Провинциальная история - Карина Демина
Шрифт:
Интервал:
Закладка:
Мог бы иначе помочь?
Мог бы. Найти кого. Столковаться. Маги-то меж собой легко толкуются. В конце-то концов, Емелька никогошеньки не убивал. Нет на нем крови!
Не было.
Правда, это дело еще в степях поправили, и понял Емелька, что лишить другого жизни — дело нехитрое. И вновь же пожалел. Надо было и от Кружалого избавляться, тогда б…

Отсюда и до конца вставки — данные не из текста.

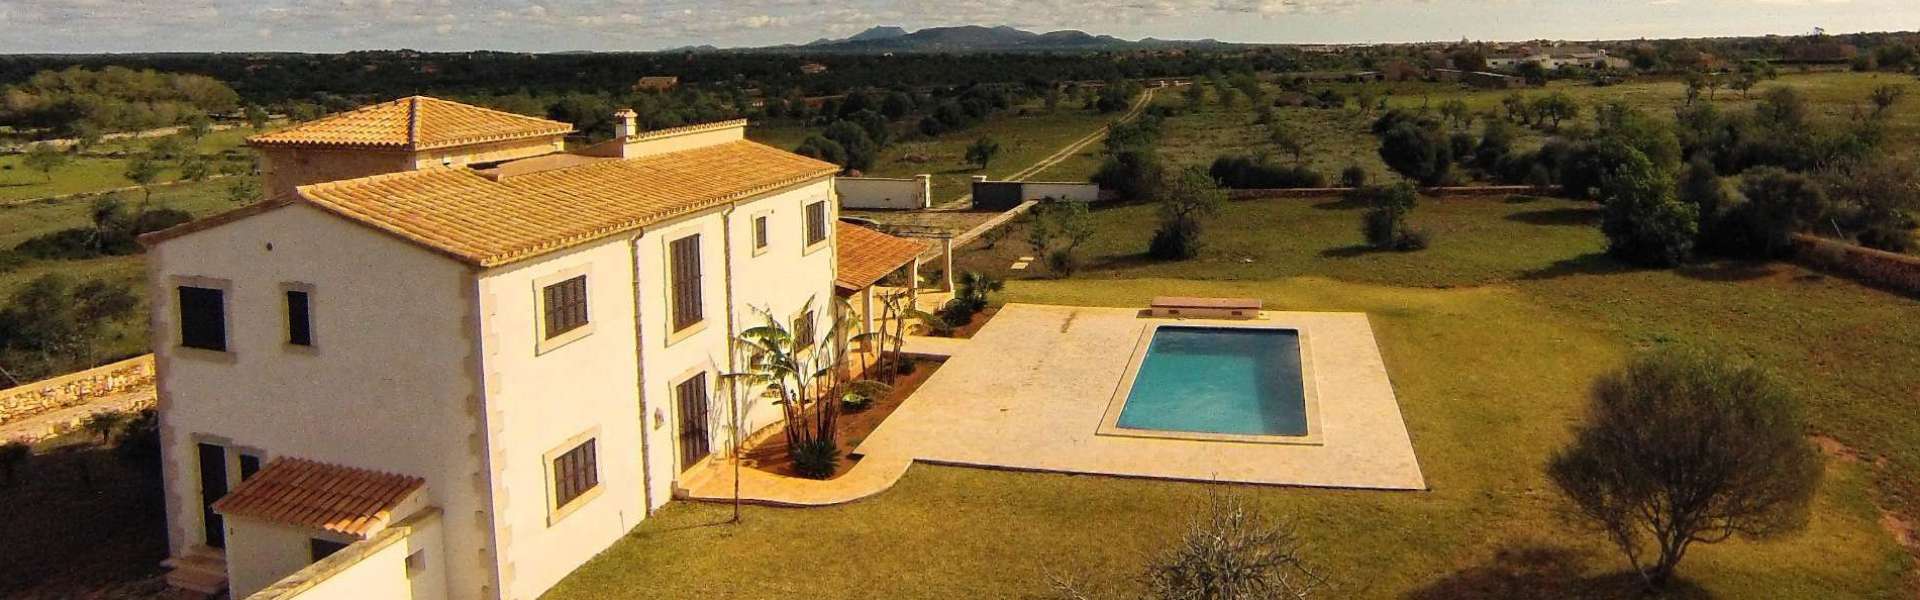 Country house in Es Llombards with additional approved building project 
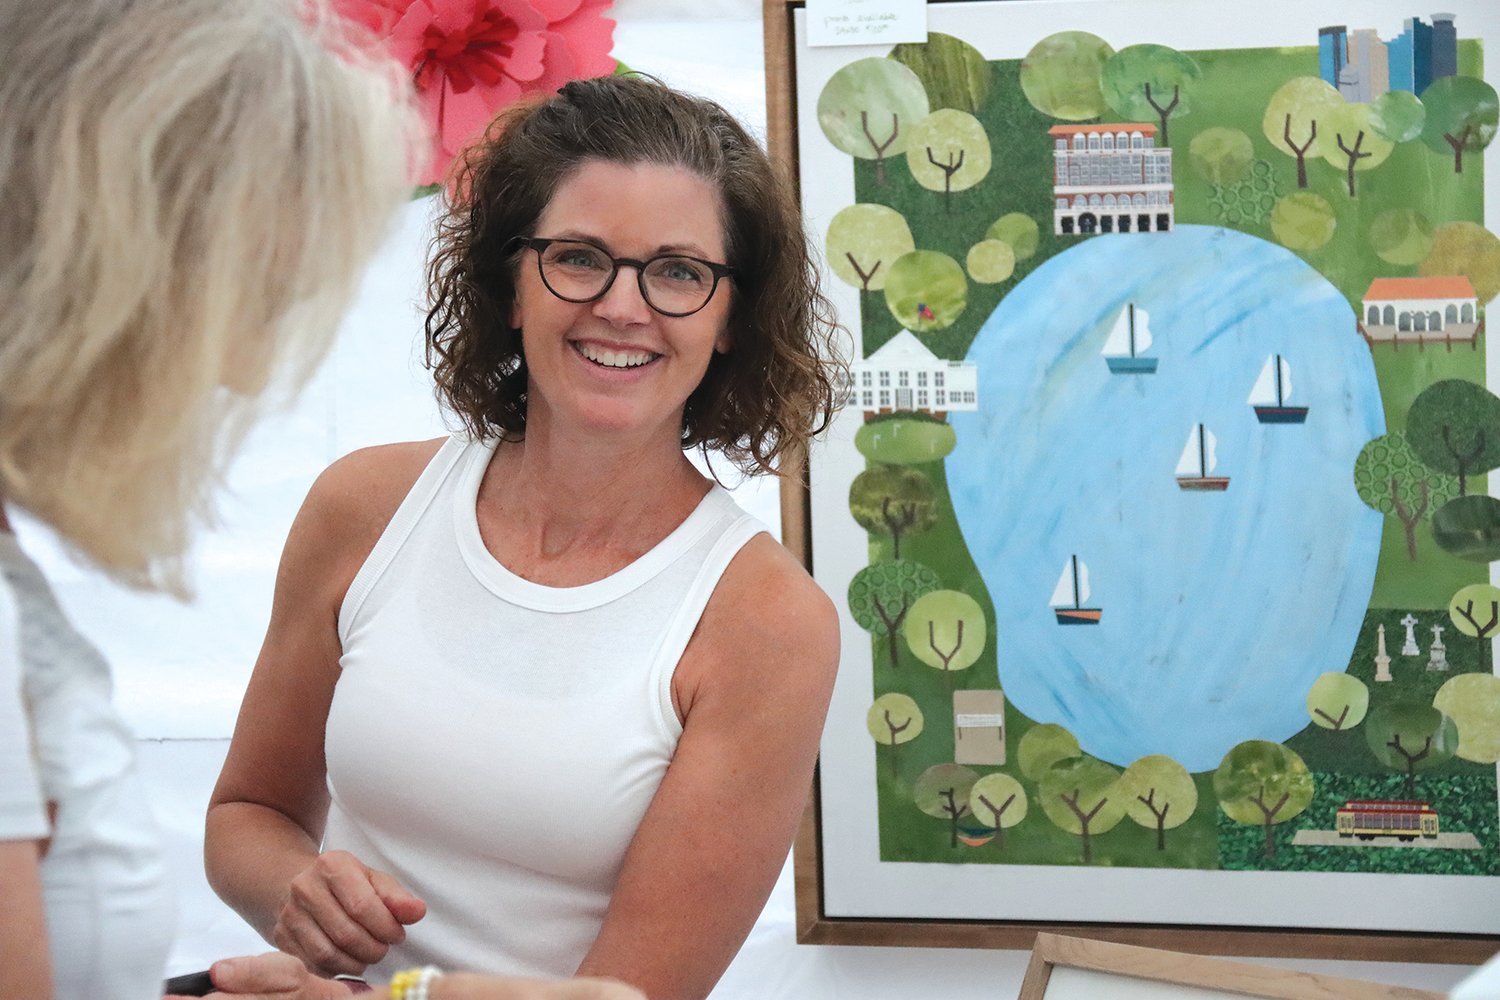 Lynhurst resident Kathy Pope of Yellow Dog Collage sells her handcrafted collages. “I’m really inspired by color and pattern,” she said.

…десять лет прошли. И спали цепи клятвы.
Емельке-то остаться предлагали. Старый ведь. Опытный. И десяток обещали хороший, и прибавку, но… нет, вдоволь он грязи нахлебался. А ведь честно думал вернуться да зажить по-человечески. Только оказалось, что дома его не ждут.
Вовсе не радые.
Козелкович молчать не стал. Явился к брату, который батюшку сменил, да все и рассказал, как оно есть. И выходило, что братец, который некогда спину гнул перед Емелькою, теперь глядел на него, что на вшу.
Убираться велел.
Мол, нет тепериче Емельке места средь людей порядочных. А вздумается тому буянить, то братец управу сыщет.
Емелька буянить не стал.
Не хватало еще.
Уйти ушел, да недалече… деньги имелись. На них и пил. И чем больше пил, тем крепче становилась обида, что на магов всех, что на Козелковича, который этие вот десять лет, когда Емелька кровушкой своею землю поил, жил в тиши да благоденствии. Там, в кабаке, и сыскал он людей того характерного вида, что человеку знающему говорил о многом. Правда, в Канопене и разбойники были так… мелкие тати.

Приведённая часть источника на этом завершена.